= October 2022 German railway attack =

Act of sabotage in Germany

An attack on the German railway communication system led to a disruption of the complete railway traffic in Northern Germany on 8 October 2022.

==Event==
The GSM-R outage at Deutsche Bahn on 8 October 2022 was a large-scale failure of the GSM-R railway communication network in northern Germany. The disruption was caused by cuts to two fibre-optic cables, which were designed to be redundant, near Herne and Berlin-Karow. As a result, rail services in Lower Saxony, Bremen, Hamburg, and Schleswig-Holstein were interrupted for approximately three hours.

The Berlin–Amsterdam route was also suspended, and thousands of travellers were stranded at stations across the affected regions. The Landespolizei of Berlin and North Rhine-Westphalia took over the crime investigation. On 13 October, the German general public persecutor and the German federal Criminal Police Office took over the investigations.

== Possible perpetrators ==
According to Transport Minister Volker Wissing, the incident was treated as an attack, although the background of the act was initially unknown. It remained unclear whether the same individuals were responsible in both locations and whether the actions had been coordinated. Investigators pursued all possible directions, including suspected anti-constitutional sabotage under Section 88 of the German Criminal Code. Authorities assumed that the perpetrator or perpetrators had significant technical knowledge of data cables and railway radio communication, and the cables were considered very likely to have been cut in a coordinated manner.

After the Federal Police initially led the investigation, responsibility was transferred to the state security divisions of the Berlin and North Rhine–Westphalia State Criminal Police Offices. On 13 October, the Federal Prosecutor General took over the case due to the suspected anti-constitutional nature of the act and its broader significance. On 21 October 2022, the investigation was assigned to the Federal Criminal Police Office (BKA).

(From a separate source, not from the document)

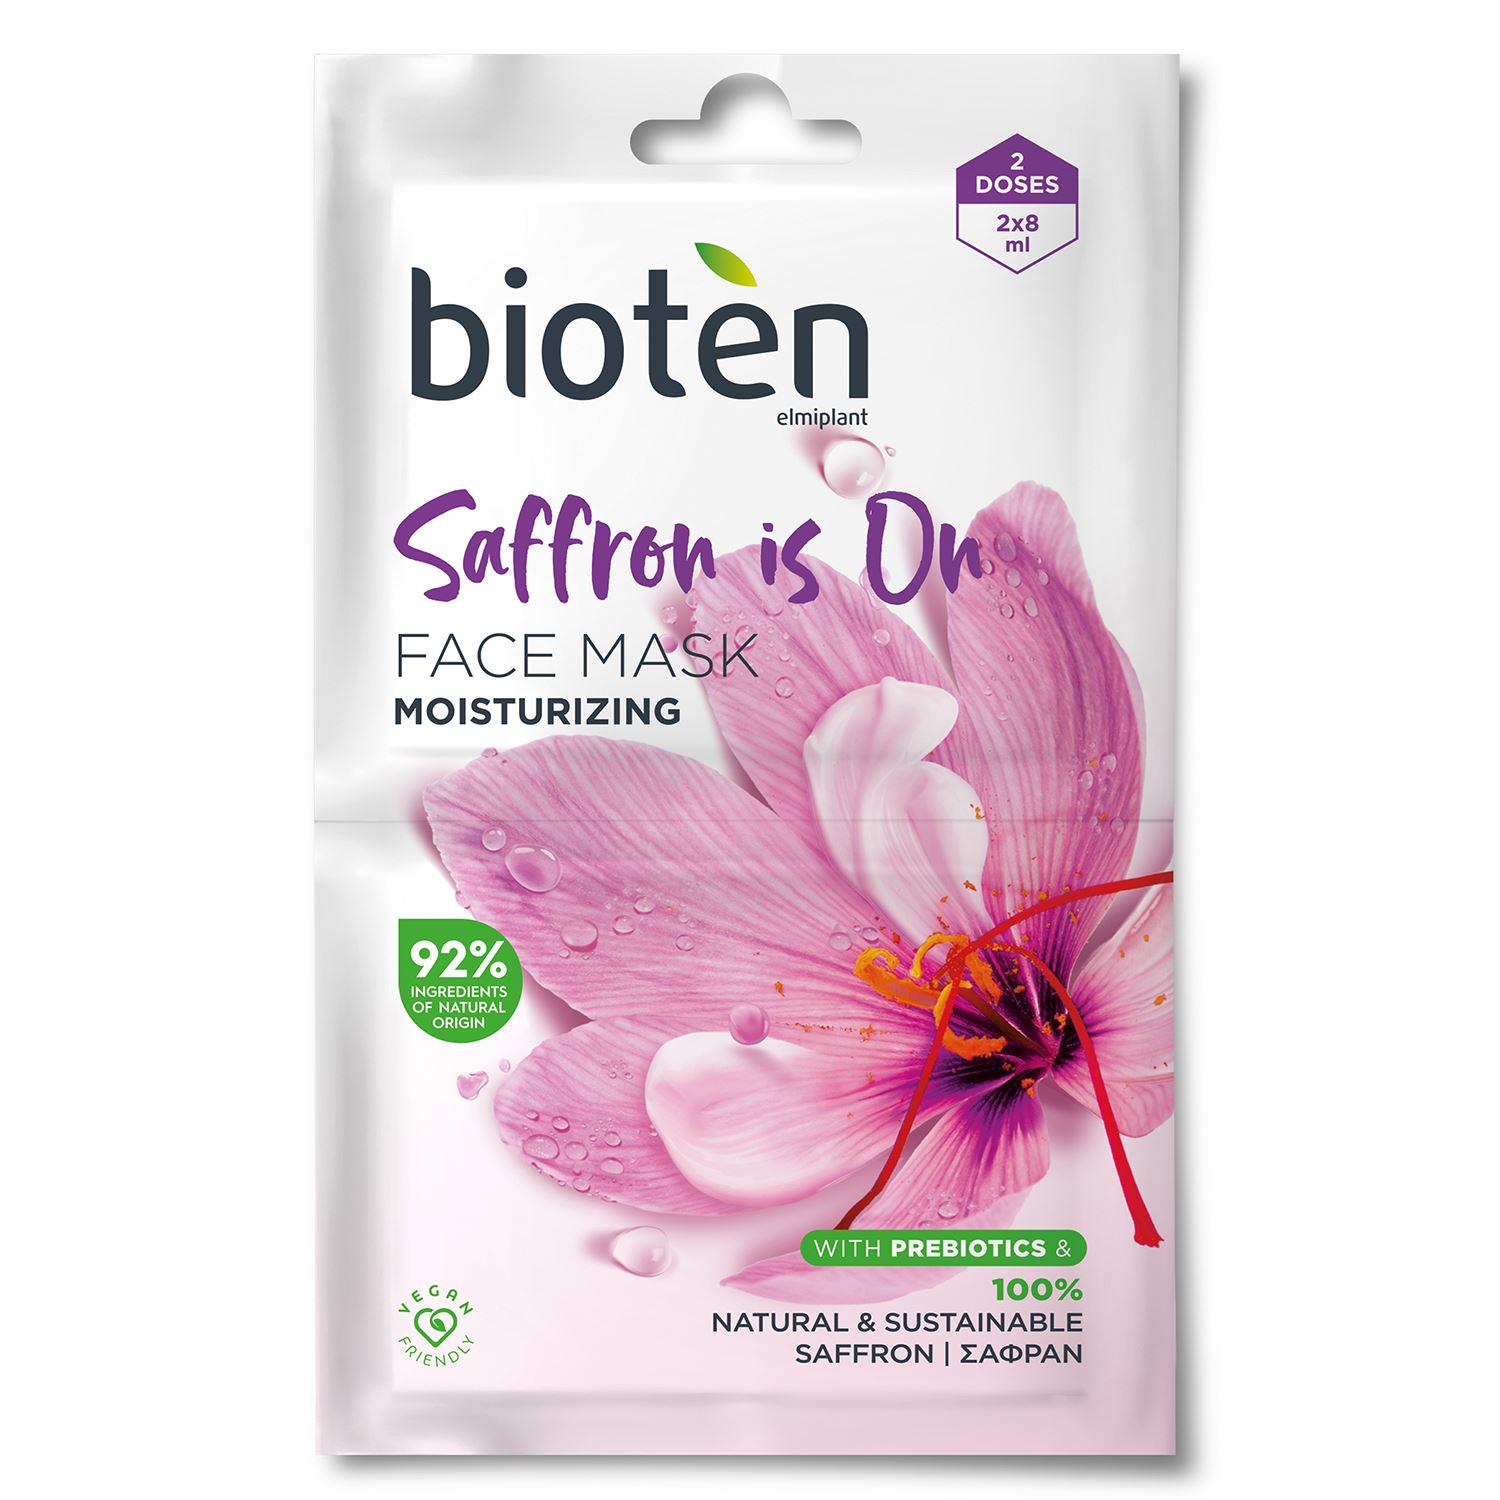 Bioten Saffron Is On Moisturizing Face Mask 2x8ml | Harmanis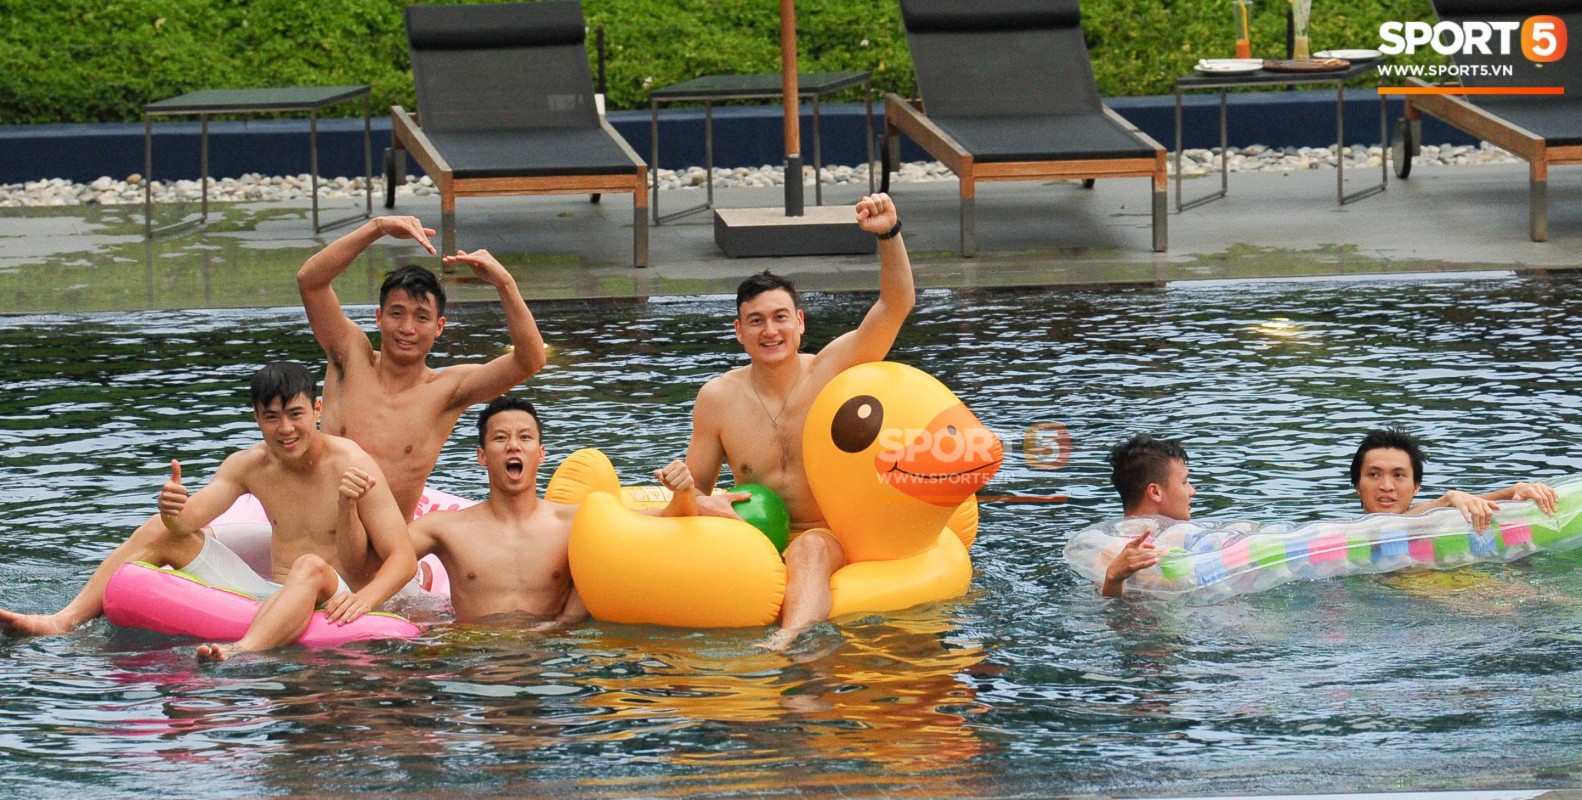 Dàn tuyển thủ Việt Nam thoải mái tươi cười trên hồ bơi trước thềm trận chung kết Kings Cup 2019 - Ảnh 2.

ARD terrorism expert Holger Schmidt suggested that the incident may have involved a new group of perpetrators, assessed as more professional and better equipped than those responsible for earlier attacks on railway infrastructure. Manuel Atug, an IT security consultant and co-founder as well as spokesperson of the Critical Infrastructures Working Group (AG KRITIS), pointed to similar risk situations affecting telecommunications, shipping, banking, and insurance systems, while noting that a comprehensive understanding of security requirements across all levels was still lacking. State-directed sabotage was not ruled out. Information about the GSM-R network and Deutsche Bahn’s fibre-optic infrastructure was publicly accessible online.

At the same time, Carsten Breuer, then commander of the Bundeswehr’s Territorial Command, warned of a growing number of attacks on infrastructure aimed at unsettling the population. He stated that Germany must prepare for hybrid threats and foreign influence, describing the situation as one “no longer fully peace, but not yet outright war,” and stressed the need for heightened vigilance by security authorities.

Five months after the incident, the Federal Prosecutor General reported that no investigative findings pointed to foreign groups or intelligence services. According to unconfirmed reports by ARD’s Berlin studio and Südwestrundfunk in July 2023, the cable cuts at the two locations were believed to have been attempted cable thefts, which only coincidentally affected the same technical system on the same night. On this basis, and given the classification of the acts as theft and dangerous interference with rail traffic without a political motive, the Federal Prosecutor General reportedly prepared to return the cases to local prosecutors.

In June 2024, after the case had been transferred, the Bochum public prosecutor’s office identified two suspects. Investigators stated that the individuals had acted independently of each other and that the timing of the damage was coincidental. The suspects were believed not to have recognized the fibre-optic cables as such, as they were searching for copper cables. One of the two individuals was identified but was not initially placed in pre-trial detention.

==Impact==
The attack raised concerns about the vulnerability of German infrastructure, especially taken into account the 2022 sabotage of Nord Stream gas pipelines and the German support for Ukraine in the Russian-Ukrainian War. The German main police union stated that it expected that further sabotage at Deutsche Bahn might be attempted and called for surveillance systems to be strengthened. Green politician Anton Hofreiter told FUNKE media group that the sabotage reminded him of the disruption of the Nord Stream pipelines where the "trail leads to the Kremlin". "Maybe both were warning shots because we support Ukraine", Hofreiter added. German police stated that there was no sign of any involvement by a foreign state or terrorism and that it had not excluded political motives in general.